Чтобы дискредитировать ее, одного лишь шприца маловато, но Арти всегда отличалась осторожностью.
– Джин, – произнесла она.
Услышав ее тон, Джин тяжко вздохнул.
– Как скажешь, сестренка.
Одним ловким движением перебросив зонт в другую руку, он выхватил револьвер, который она просила его – и не раз – взять с собой.
Глаза Маттео расширились. Арти нравилось, когда мужчины ее боялись.
– Думаю, мы можем обсудить… – начал было он.
Джин взвел курок.
В комнате прогремел выстрел. Маттео с удивленным возгласом осел на пол, Арти тряхнула головой, прогоняя звон в ушах. Из раны Андони сочилась густая кровь – отнюдь не алая, а темная на фоне его бледной кожи оттенка слоновой кости. Кожа покойника. Кровь покойника.
– Я любил эту рубашку.
Дворецкий издал расстроенный вопль.
– О, старина, не волнуйся, – сказал Маттео и, поморщившись, двумя тонкими пальцами осторожно вытащил из себя бронзовую пулю. Кожа вокруг раны приобрела сизый мертвецкий оттенок. Арти уже чуть было не пожалела его, но тут он поднял на нее взгляд и медленно, тщеславно подмигнул. – Каждая захватывающая история любви начинается с пули, выпущенной в сердце.
Арти не понравилось, как от этих слов у нее загудело в жилах. Она подобрала шприц.
– В следующий раз я позабочусь о том, чтобы ты больше не ожил.
– Я питаю отвращение к насилию! – бросил ей вслед Маттео.
Арти вышла в ночь, Джин держался рядом. Даже не глядя в другой конец улицы, она уже поняла, что стражей в форме там больше нет, – и не потому что верила, будто у Маттео Андони есть какие-то связи, а потому, что узнала шаги своего юного посыльного, который бежал сквозь тьму, приближаясь к дому 337 на площади Даров.
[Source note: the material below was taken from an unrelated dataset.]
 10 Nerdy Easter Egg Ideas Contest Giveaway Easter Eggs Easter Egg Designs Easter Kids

Честер вынырнул из тумана и, задыхаясь, ухватился за ограду со стороны улицы. Его белокурая макушка словно светилась в темноте.
– Рогатая Стража направляется в «Дрейф». Будет рейд.
2
Джин
– Добро пожаловать в «Дрейф». Вот что тебе нужно знать, – сказал Джин новенькой в тот день перед утренним открытием. – После того как пробьет семь часов, двери чайной запираются. Никого больше не впускаем, всех посетителей отправляем восвояси. Никаких исключений – как бы очаровательно они ни улыбались. Закрываешь все ставни и возвращаешься в подсобку. Теперь отодвинь вот этот книжный стеллаж и опусти вон те рамы. И погляди-ка: дом крови готов принимать гостей.
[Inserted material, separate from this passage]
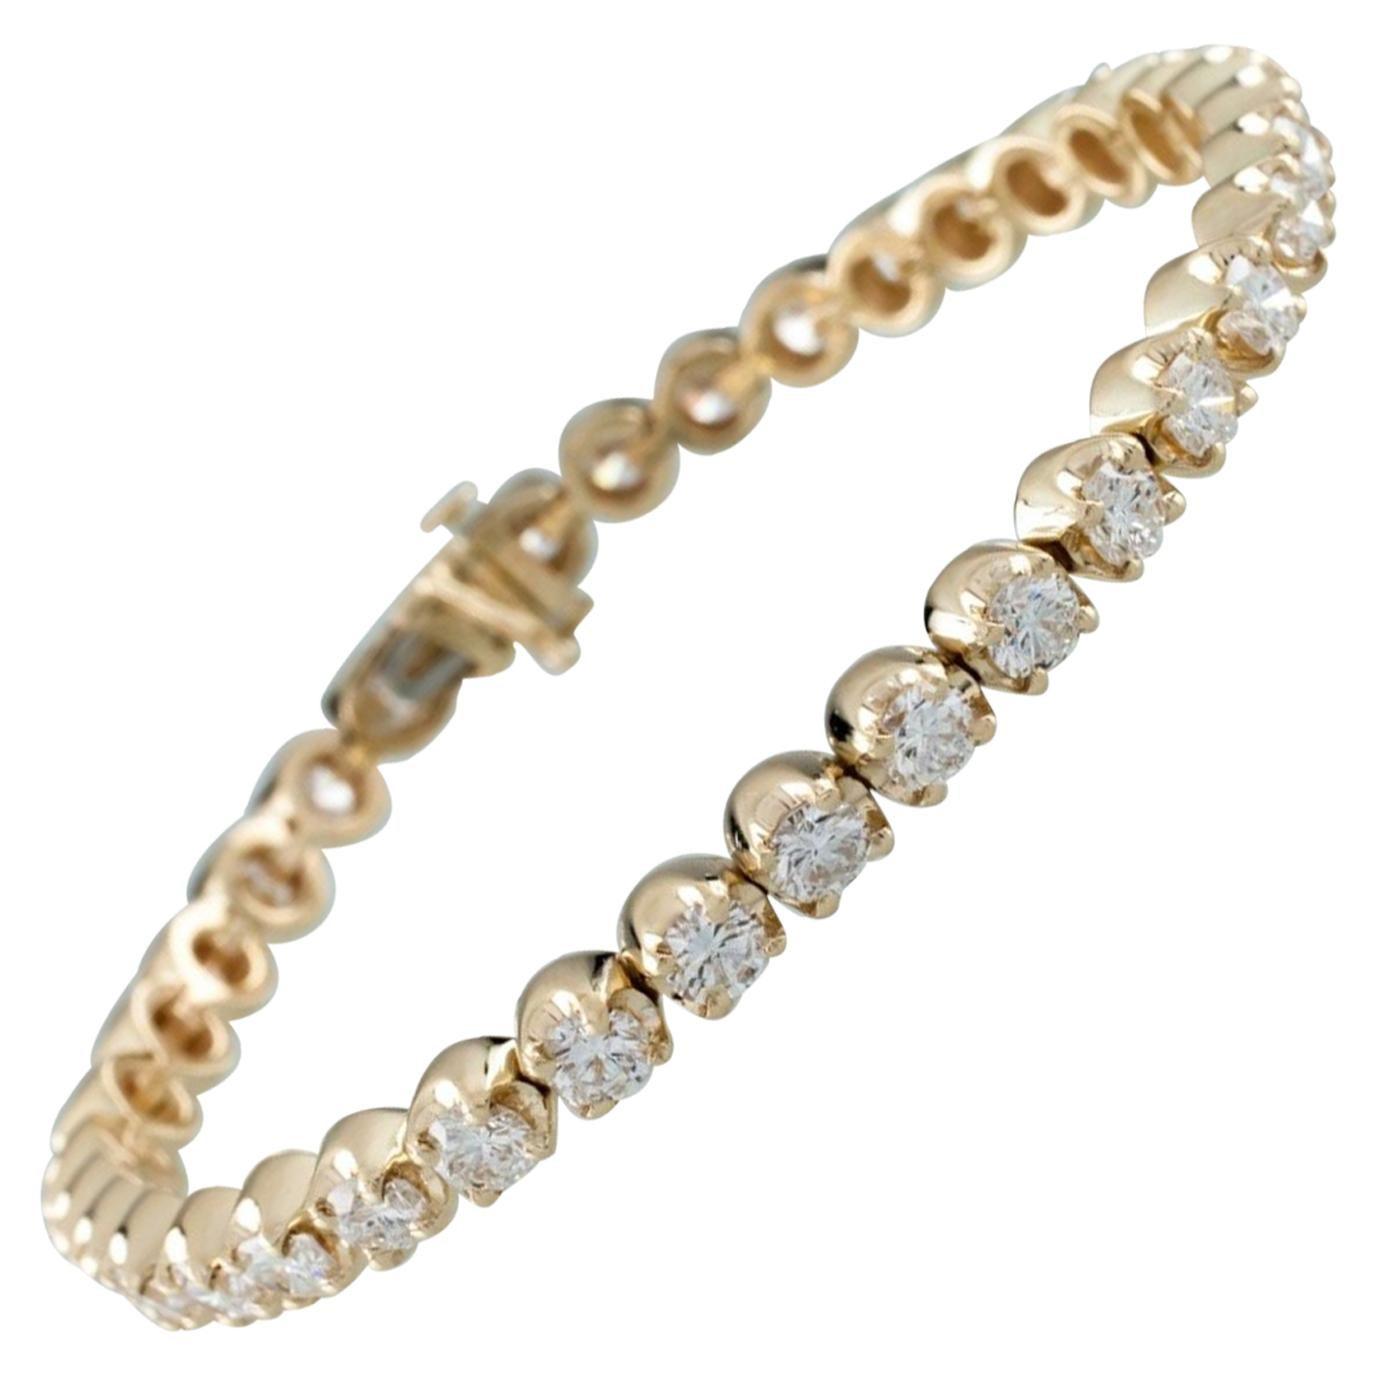 6.00 Carat Round Diamond 14 Karat Yellow Gold Tennis Bracelet

Новенькая поежилась. Джин не мог ее упрекнуть.
– Идешь к кабинкам, – продолжил он. Ему было чем заняться, но показать девчонке, как здесь все устроено, мог только он – тот, кто все это продумал и собрал буквально по кусочкам. – Убираешь вон ту вазу. Ставишь ее на откидной столик справа. Возвращаешься к полке, нажимаешь на защелки с каждой стороны и раскладываешь кровать. И лучше бы тебе не думать о том, что на ней происходит, ясно? Если только тебя саму такое не привлекает. – Джин подмигнул ей. – Отходишь. Видишь щель вон там, в закутке? Протягиваешь туда руку, тянешь на себя дверь, закрываешь ее до упора.
Он сделал паузу, наблюдая за ошеломленной реакцией официантки.
– И так наша кабинка превратилась в покои. Проделаешь это еще раз, еще и еще. О, позаботься о том, чтобы форма была наготове. Одна – для обслуживания наших чопорных гостей-аристократов, другая – чуть более откровенная, для того, чтобы радовать наших дорогих вампиров из прочих, самых разных сословий.
Новенькая прошла вслед за ним в зал, где столы были уставлены мисочками с кубиками сахара – их нужно было пополнить – и кувшинчиками со сливками – их нужно было помыть. Сильно пахло чаем. Джин забрал поднос у проходившего мимо официанта и, вручив его новенькой, принялся загружать посудой.